For instance, we can define new vectorized Numpy functions in ROOT.

In [None]:
import ROOT
ROOT.gInterpreter.Declare("""
void computemass(int n, float* pt1, float* pt2, float* eta1, float* eta2, float* phi1, float* phi2, float* out) {
    TLorentzVector one, two;
    for (int i = 0;  i < n;  i++) {
        one.SetPtEtaPhiM(pt1[i], eta1[i], phi1[i], 0.1056583745);    // muon mass
        two.SetPtEtaPhiM(pt2[i], eta2[i], phi2[i], 0.1056583745);
        out[i] = (one + two).M();
    }
}""")

In [None]:
tree = uproot.open("~/NanoAOD-DYJetsToLL.root")["Events"]
pt, eta, phi = tree.arrays(["Muon_pt", "Muon_eta", "Muon_phi"], outputtype=tuple)
starts, stops = pt.starts, pt.stops
pt = numpy.array(pt)
eta = numpy.array(eta)
phi = numpy.array(phi)

**Mini-exercise:** comment each of the lines below. What are they doing?

In [None]:
has2muons = stops - starts >= 2          # ???
firsts = starts[has2muons]               # ???
seconds = starts[has2muons] + 1          # ???
pt1, pt2 = pt[firsts], pt[seconds]       # ???
eta1, eta2 = eta[firsts], eta[seconds]   # ???
phi1, phi2 = phi[firsts], phi[seconds]   # ???

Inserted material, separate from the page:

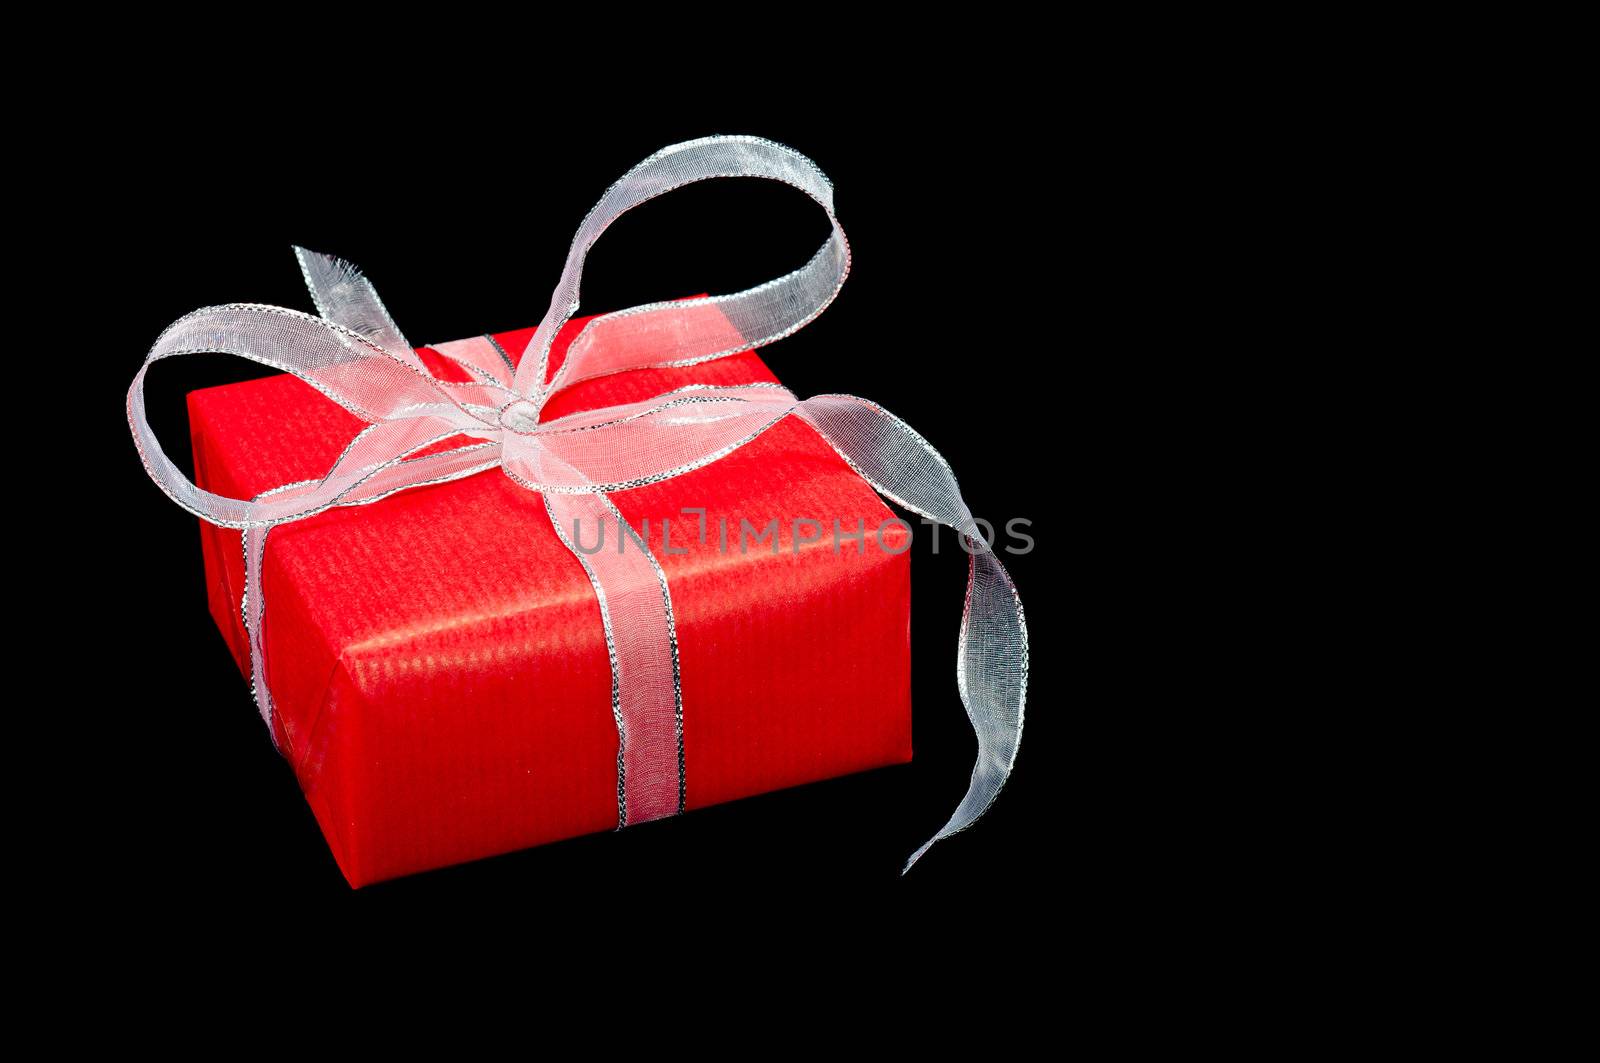 Red and Silver Xmas Gift Box on Black by timh

(If ROOT didn't know about Numpy arrays, we could have given it pointers: `pt1.ctypes.data`, `pt2.dtypes.data`, etc.)

In [None]:
masses = numpy.empty(len(pt1), dtype="float32")
ROOT.computemass(len(pt1), pt1, pt2, eta1, eta2, phi1, phi2, masses)

In [None]:
masses

In [None]:
from histbook import *
from vega import VegaLite

In [None]:
Hist(bin("mass", 200, 0, 200), fill=masses).step(width=800, height=400, yscale="log").to(VegaLite)

We could have computed masses with vectorized Numpy functions, but the point is to show that using Numpy doesn't mean not using ROOT. Anything that gets the job done!